Exercise requirements: The copy must match the data word for word and contain no pictures.

====== Source material ======

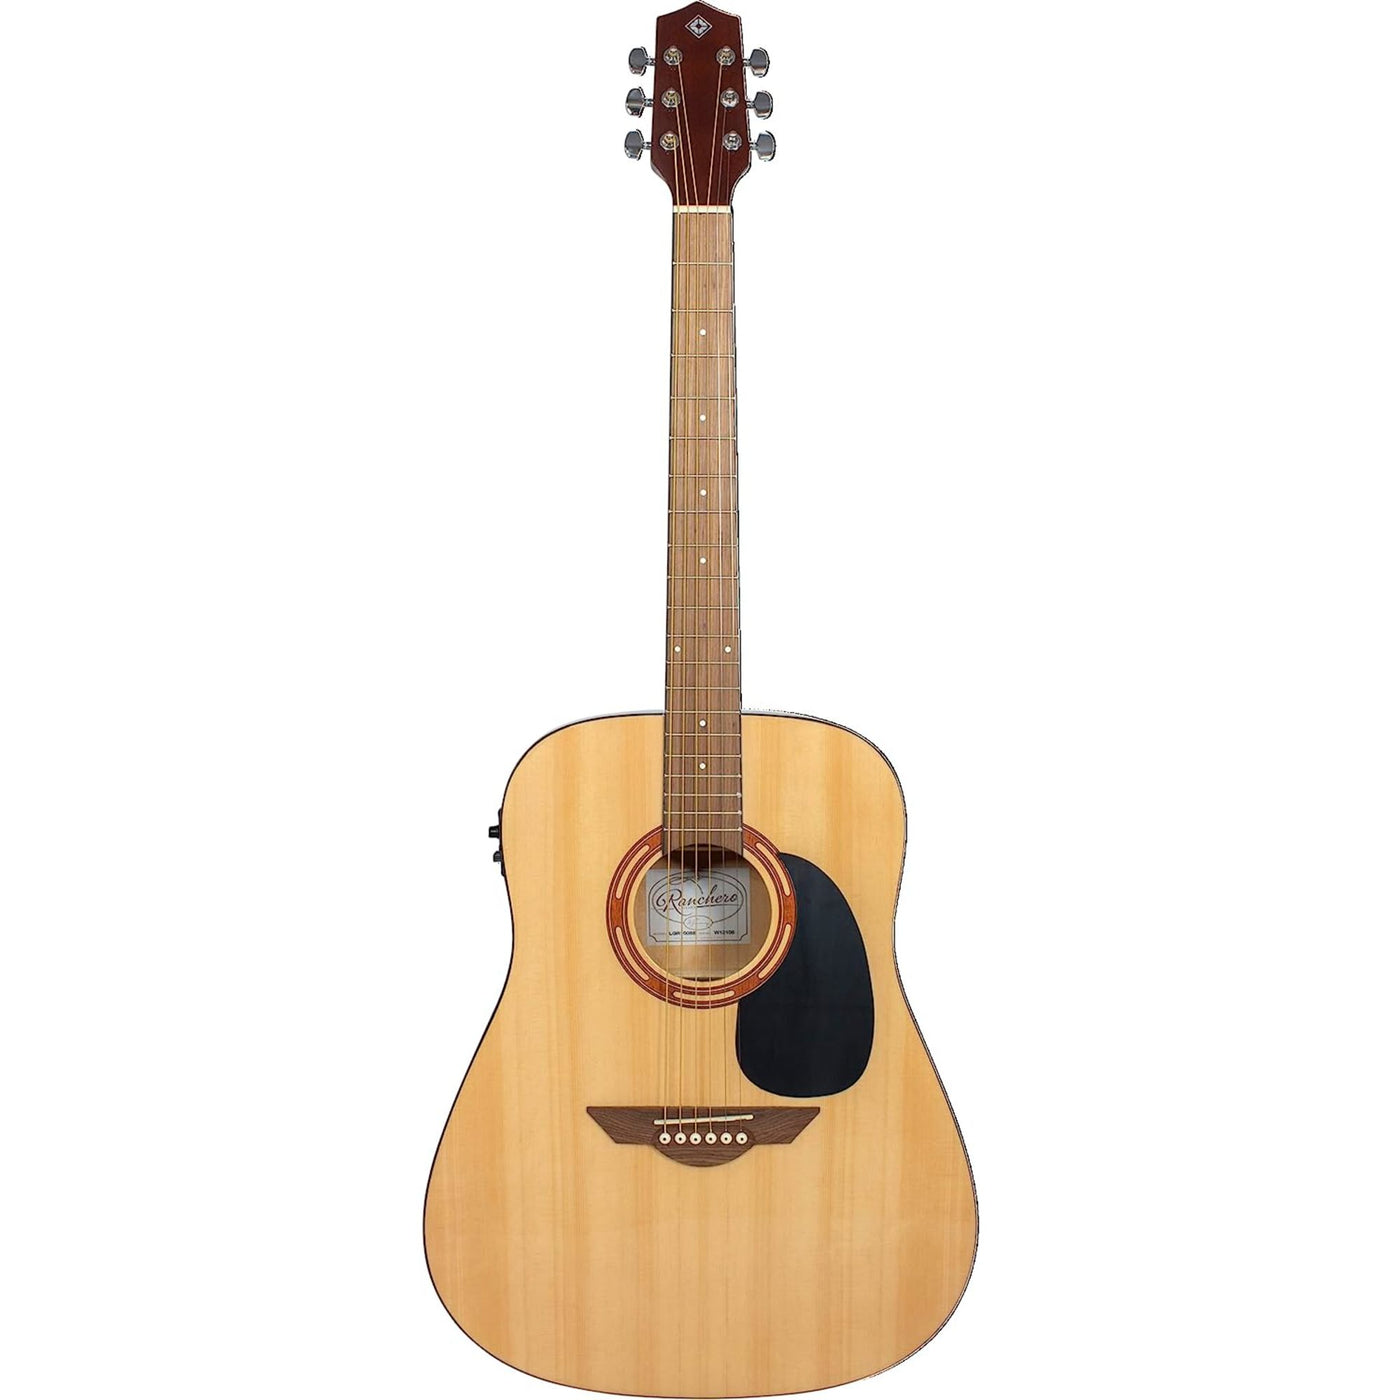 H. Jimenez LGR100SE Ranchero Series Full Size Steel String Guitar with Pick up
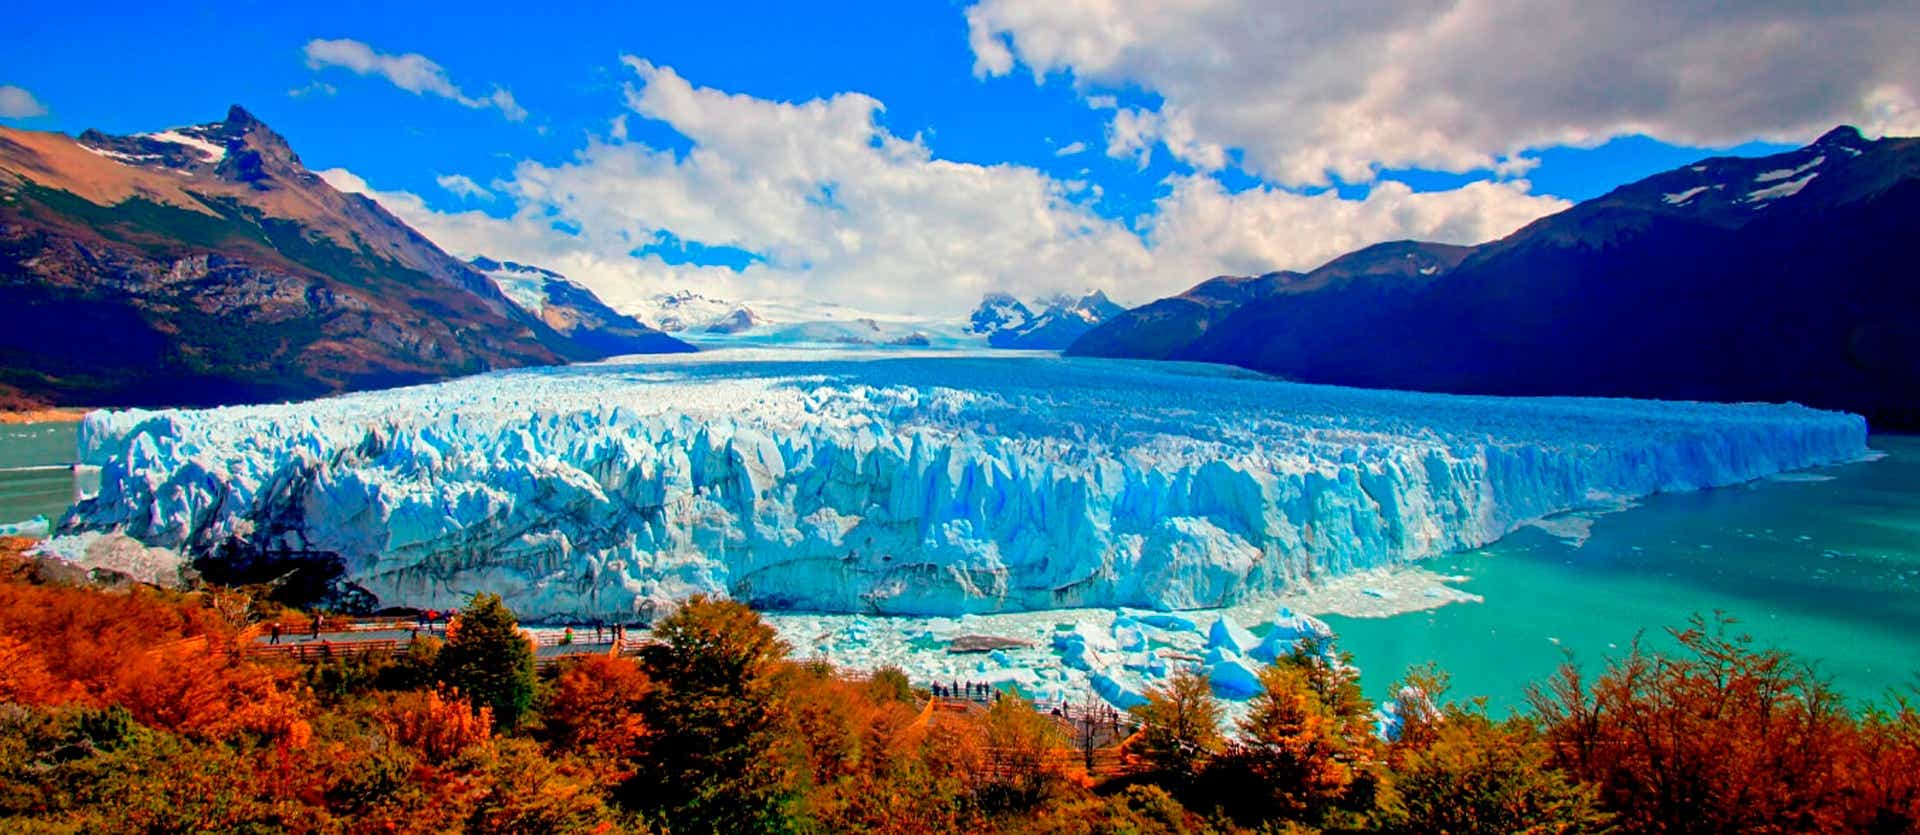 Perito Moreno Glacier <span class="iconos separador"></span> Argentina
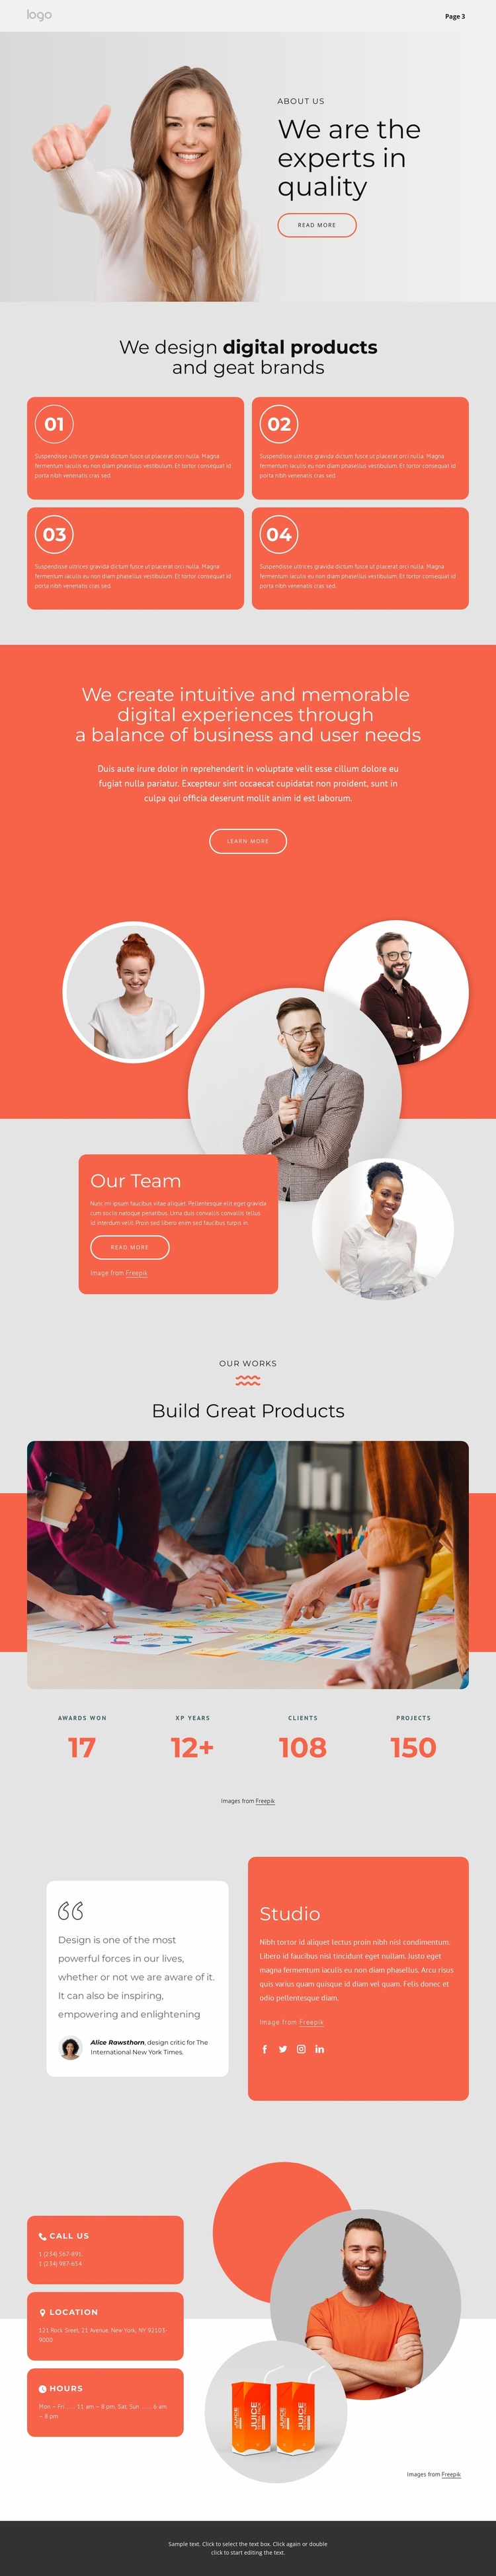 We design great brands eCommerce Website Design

======

Solved problem:
 H. Jimenez LGR100SE Ranchero Series Full Size Steel String Guitar with Pick up
 Perito Moreno Glacier <span class="iconos separador"></span> Argentina
 We design great brands eCommerce Website Design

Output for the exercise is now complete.